Search code examples
python-3.xpandasdataframecalculated-columns

Assigning categorical or values in a new column based on numeric values from another column in Python Dataframe


I have a dataframe that has a column (say "Total") with numeric data. The data in this column can be positive, negative, or zero. No range limit on either side of zero.

I wanted to create another column with specific indicators or categorical values based on value in this 'Total' column.

For example (Objectives):

  1. P/N/Z based on Positive/Negative/Zero value in the 'Total' column.
  2. Classes such as "...0-10000,10000-20000,..." based on value in 'Total' column
  3. +1,-1,0 based on value greater than, less than, equal to a specific value in 'Total' column.

As of now, I am doing this by creating a separate list of values by iterating through each row in 'Total' column through an if-else statement and then appending that list of values as a column to the dataframe.

for each in df['Total']:
    values.append(cat1(each))
df['newcol'] = values

Here cat1 is the function that returns P/N/Z based on positive/negative/zero value in each. values is the list of values that I will create using this for-loop.
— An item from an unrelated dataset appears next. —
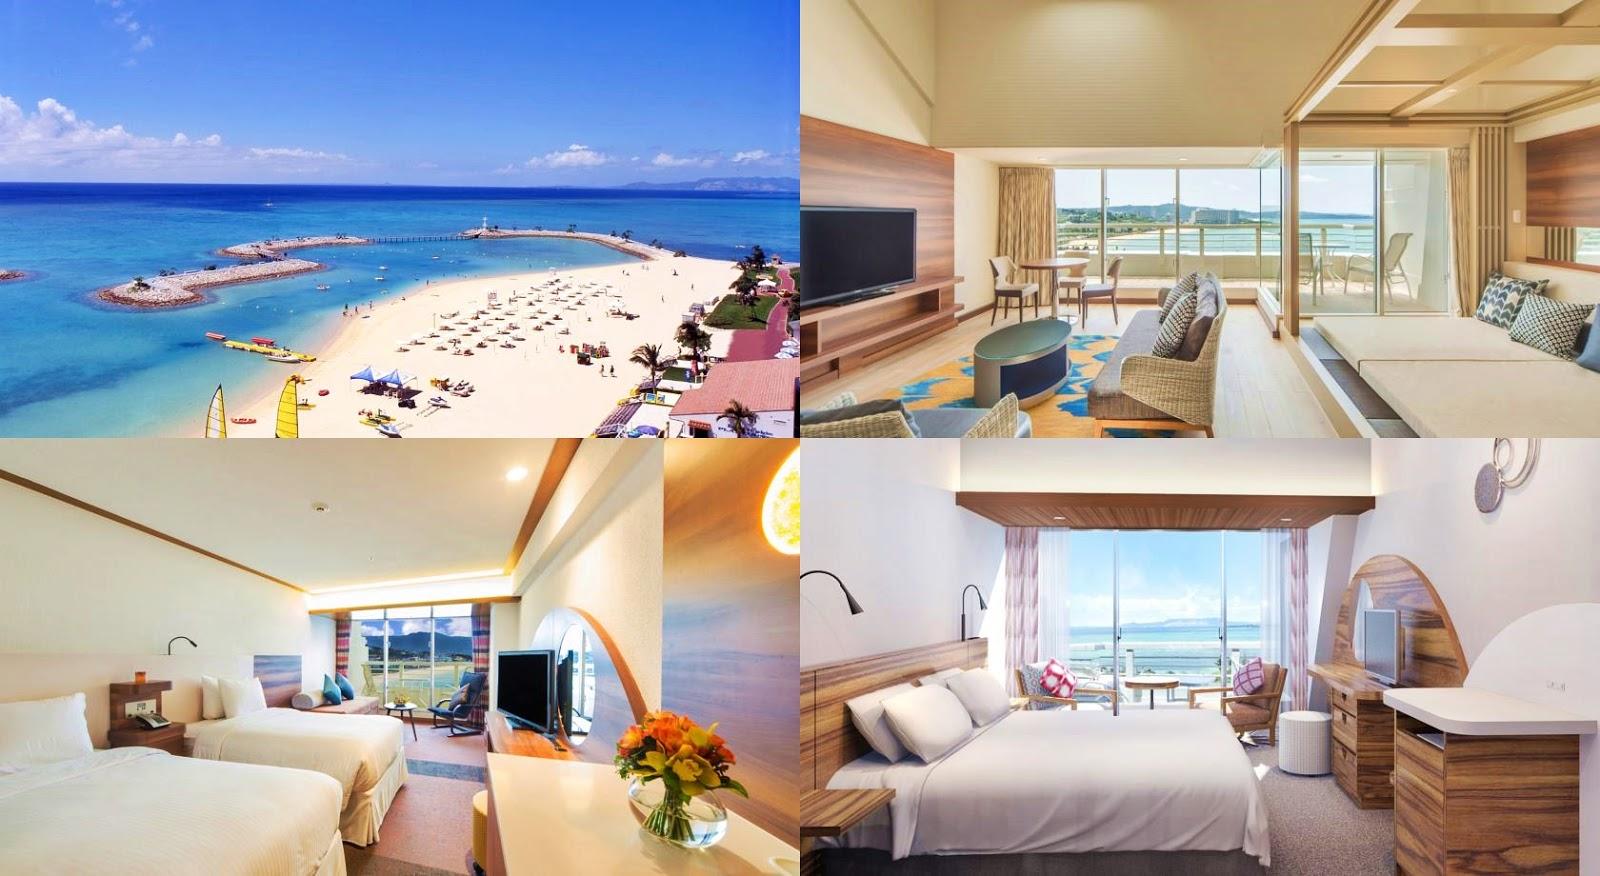 沖繩-住宿-推薦-沖繩喜來登度假酒店-Sheraton-Okinawa-Sunmarina-Resort-Okinawa-hotel-recommendation

Similarly, I have functions for 2 and 3 from the objectives above.

def cat1(value):
if value > 0:
    return "P"
elif value < 0:
    return "N"
else:
    return "Z"

But I hope there can be a simpler and faster alternative?

Thank you for the help.


Solution

  • I don't know if this approach is any quicker but it definitely utilizes the pandas functionality a little better:

    def cat1(value):
        if value > 0:
            return "P"
        elif value < 0:
            return "N"
        else:
            return "Z"
    df[newcol] = df.apply(lambda row: cat1(row['Total']), axis = 1)